_Records for the task:_

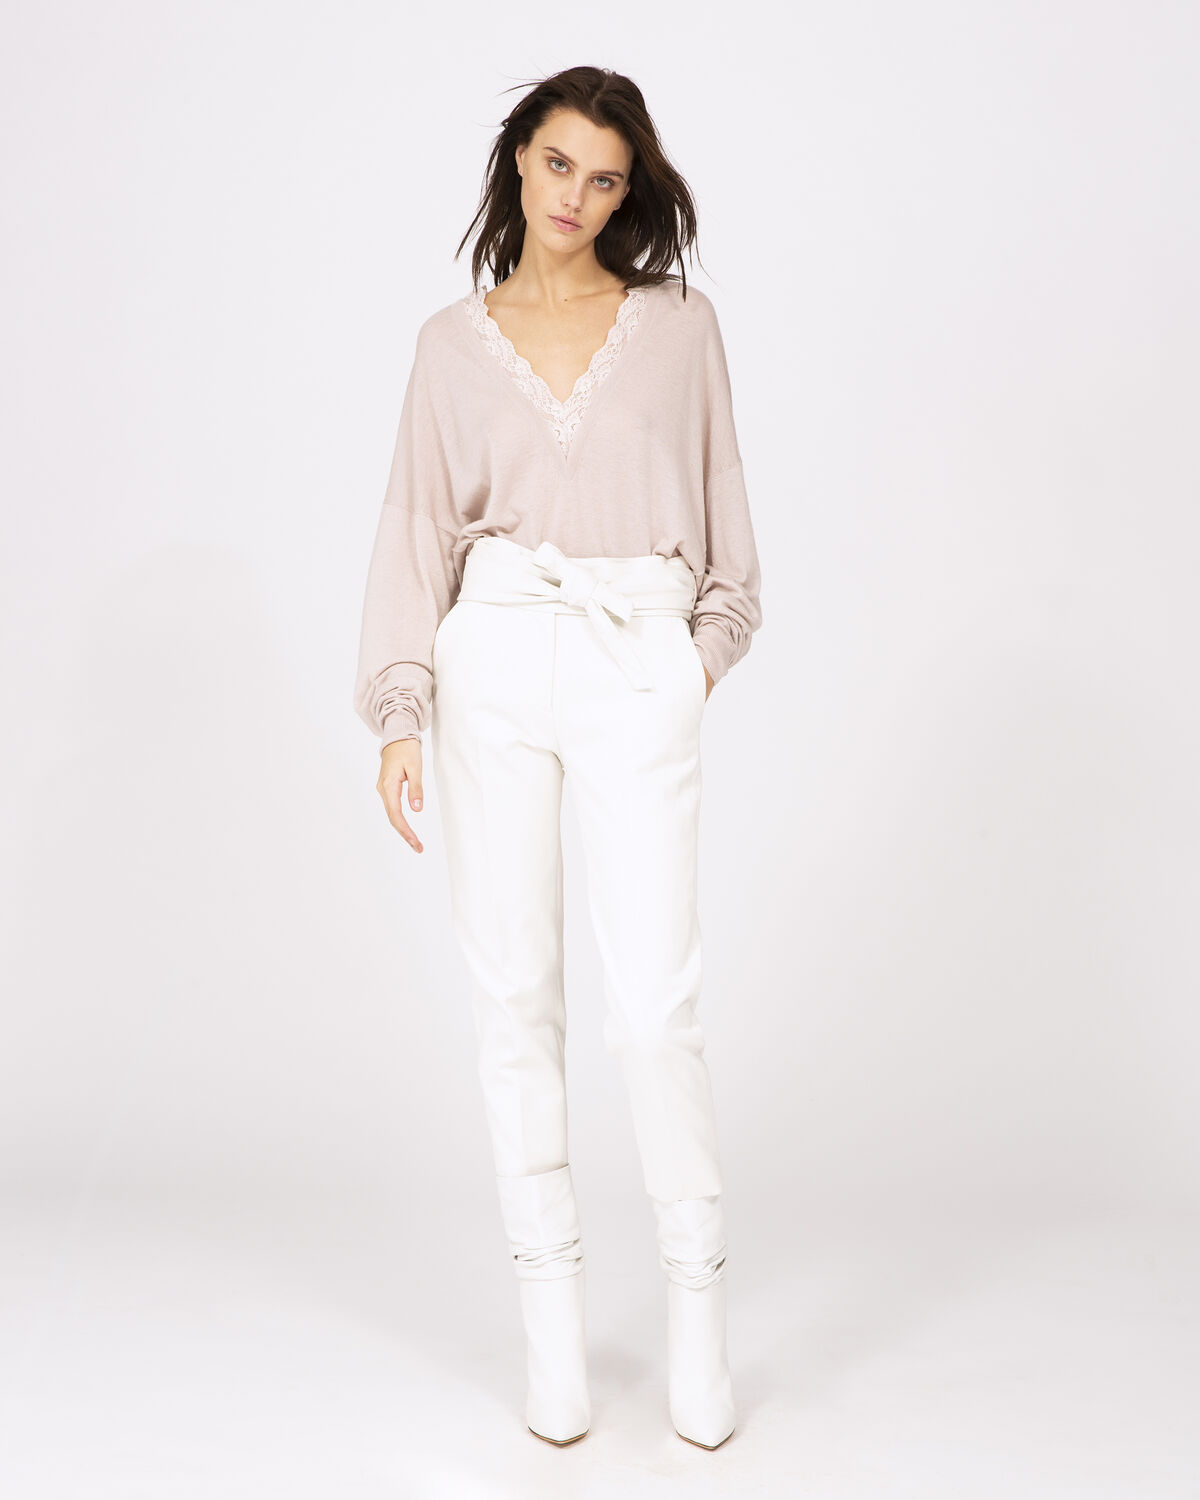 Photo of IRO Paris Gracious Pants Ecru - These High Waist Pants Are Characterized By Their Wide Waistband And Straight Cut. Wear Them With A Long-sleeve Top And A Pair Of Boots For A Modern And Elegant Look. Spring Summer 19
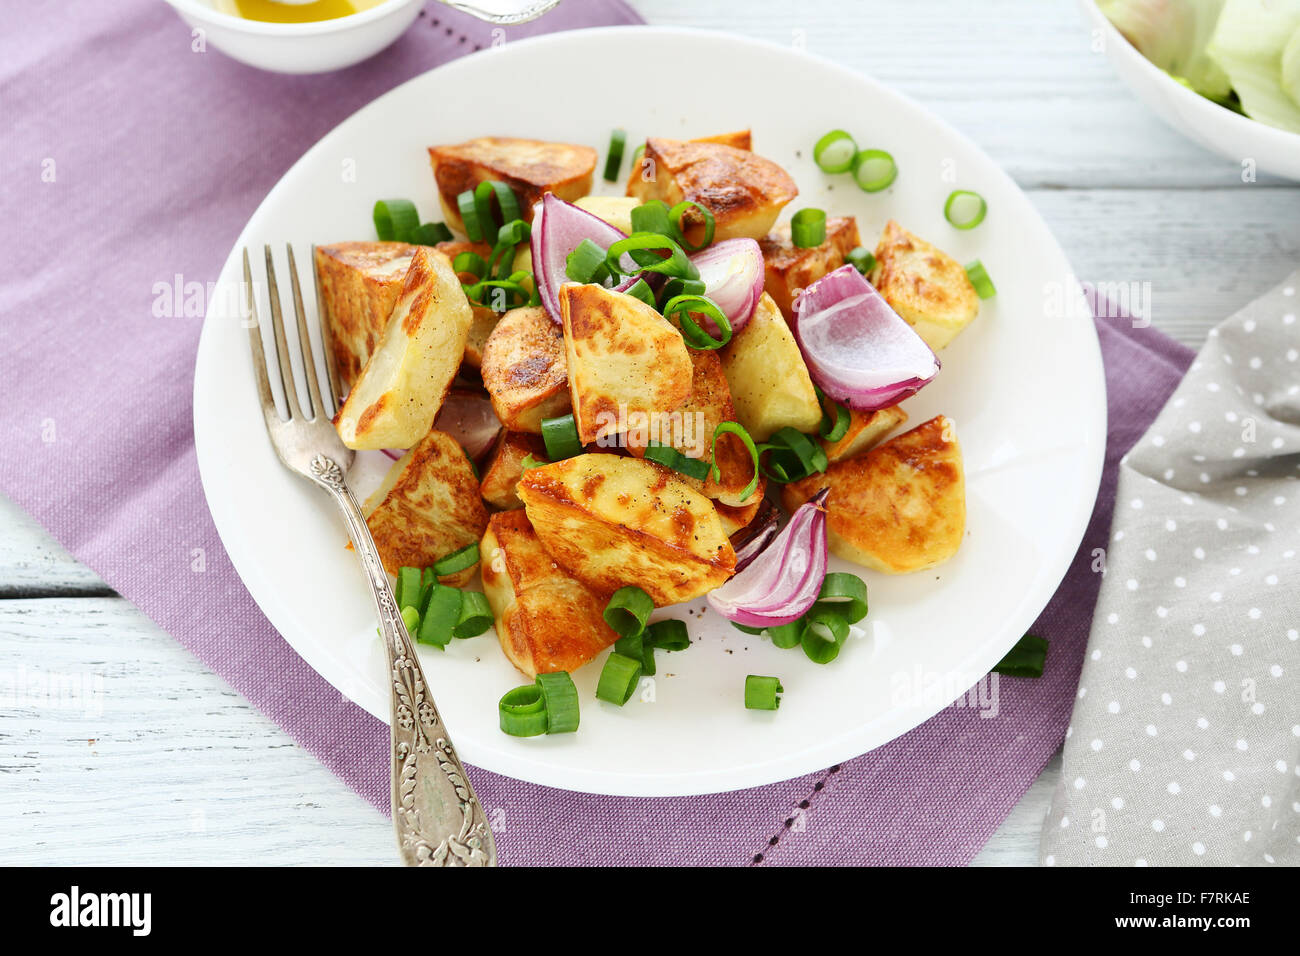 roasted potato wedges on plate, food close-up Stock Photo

* * *

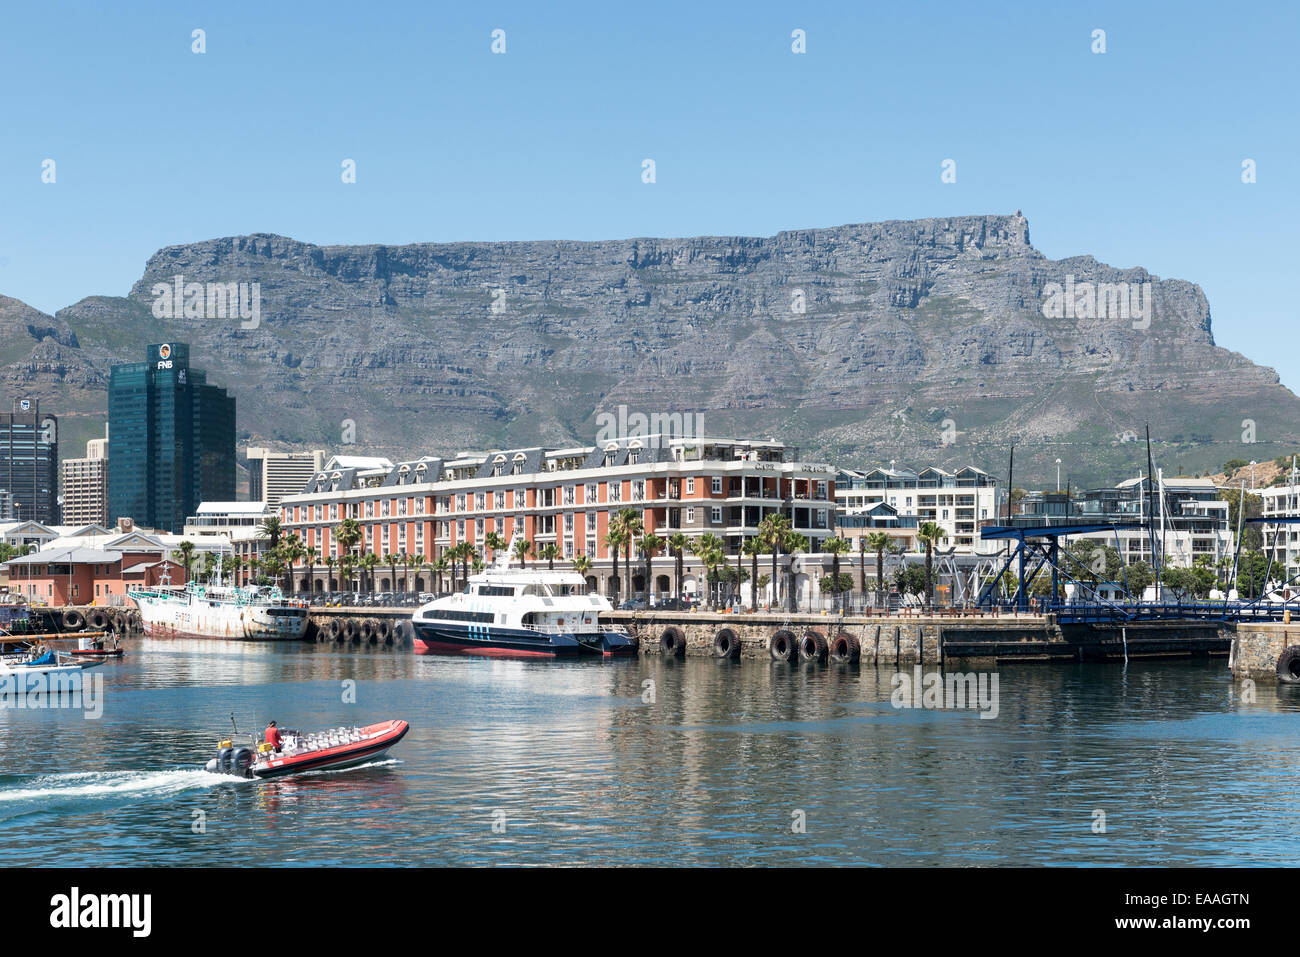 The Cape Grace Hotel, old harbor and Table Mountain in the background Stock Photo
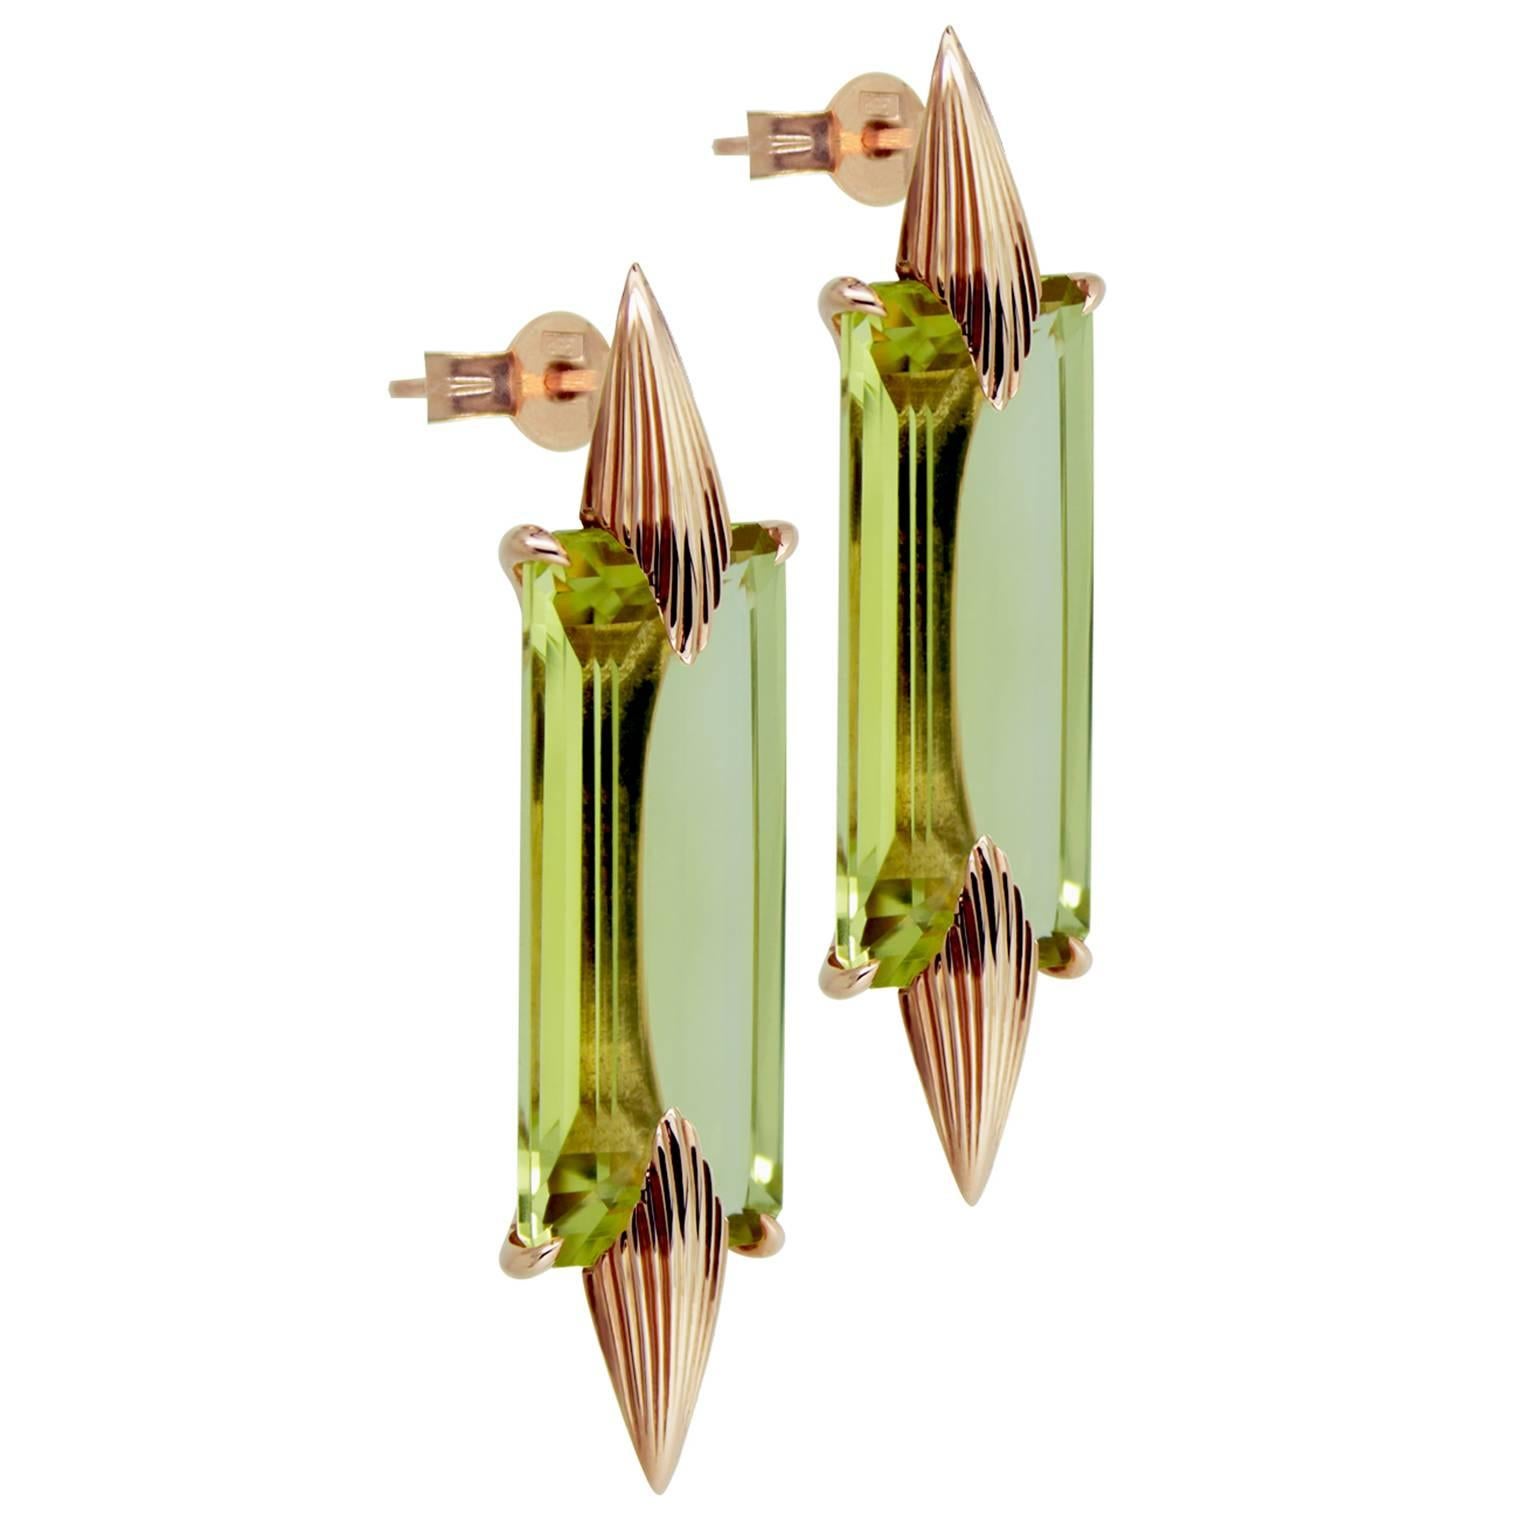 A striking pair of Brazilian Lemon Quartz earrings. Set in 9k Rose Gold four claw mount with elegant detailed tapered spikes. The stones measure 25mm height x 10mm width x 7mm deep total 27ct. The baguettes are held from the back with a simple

_Required work:_
After locating "Photo of IRO" and "roasted potato wedges" in the records above, return exactly the line holding each one and every line between them; leave out the pictures.

_Completed task:_
 Photo of IRO Paris Gracious Pants Ecru - These High Waist Pants Are Characterized By Their Wide Waistband And Straight Cut. Wear Them With A Long-sleeve Top And A Pair Of Boots For A Modern And Elegant Look. Spring Summer 19
 roasted potato wedges on plate, food close-up Stock Photo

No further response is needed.